Wesal’s story is only one among millions of displaced Iraqis who receive support from the American people.

When over a half million Iraqi children faced a winter without warm clothes, the American people stepped forward and provided 550,000 sets of clothes. In western Iraq, children in Ramadi who had been forced to serve as human shields for Da’esh and ran from snipers and IEDs to escape, received some of these clothes once they reached safety.

When a local school in Ninewa reported a chickenpox outbreak among several students but no doctors or medical facilities to treat them, a U.S.-supported mobile health team traveled to the village to assess the situation and provide treatment.

These mobile health teams are especially important to serve displaced populations that are often dispersed in remote areas. The team’s doctors, nurses, pharmacists and other medical professionals treated 19 villagers with chickenpox. They also taught students and teachers about preventing and treating chickenpox.
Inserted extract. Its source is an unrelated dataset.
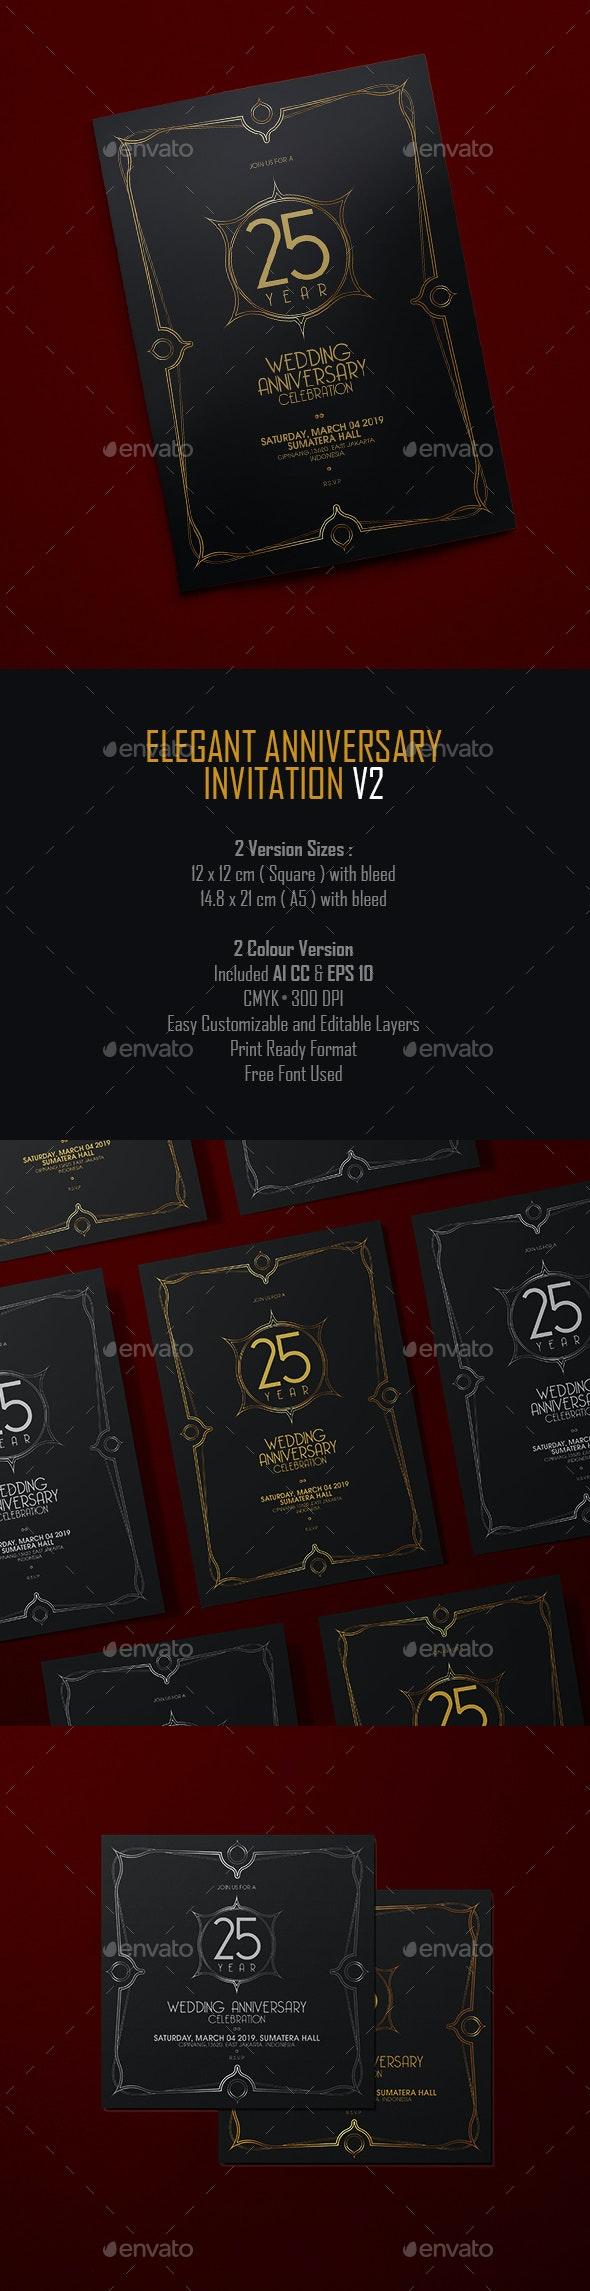 carte invitation élégante 2

With funding from the American people, the World Health Organization sent mobile medical units to provide medical assistance to thousands of displaced Iraqis from liberated areas in Ramadi and in Sinjar.

These clinics treated elderly patients, children who had been injured, men with diabetes and pregnant women. All of those treated had recently escaped Da’esh-controlled territories where they faced hunger, water shortages, a lack of medical treatment and the horror of being used as human shields.

Many Iraqis fleeing Da’esh are finding refuge in buildings that were never designed to be homes. USAID and partners are upgrading many of these spaces to include basic services and a bit of privacy — a big step in reclaiming the dignity that many families lost when they fled their homes. / Courtesy of the International Organization for Migration

Thousands of other Iraqis who fled Da’esh and settled into camps and abandoned buildings far from home also face the danger of deadly landmines leftover from previous conflicts. Young children who play outside of camps are especially at risk.

The DART works with an NGO to provide mine-risk education programs for children living in camps in Ninewa, Kirkuk and elsewhere. Children receive instruction on the dangers of landmines through interactive games and other means in order to reduce their risk of death or serious injury.

These are just some examples of programs that are implemented in Iraq with support from the American people.

Through this support for Wesal, her family and millions of other Iraqis, we continue to improve the lives of men, women and children who have literally had their world torn apart.

They are the ones that make this work so worthwhile and why I am proud to be a part of it.

About the Author

Ron Mortensen leads the Disaster Assistance Response Team in Iraq for USAID’s Office of U.S. Foreign Disaster Assistance.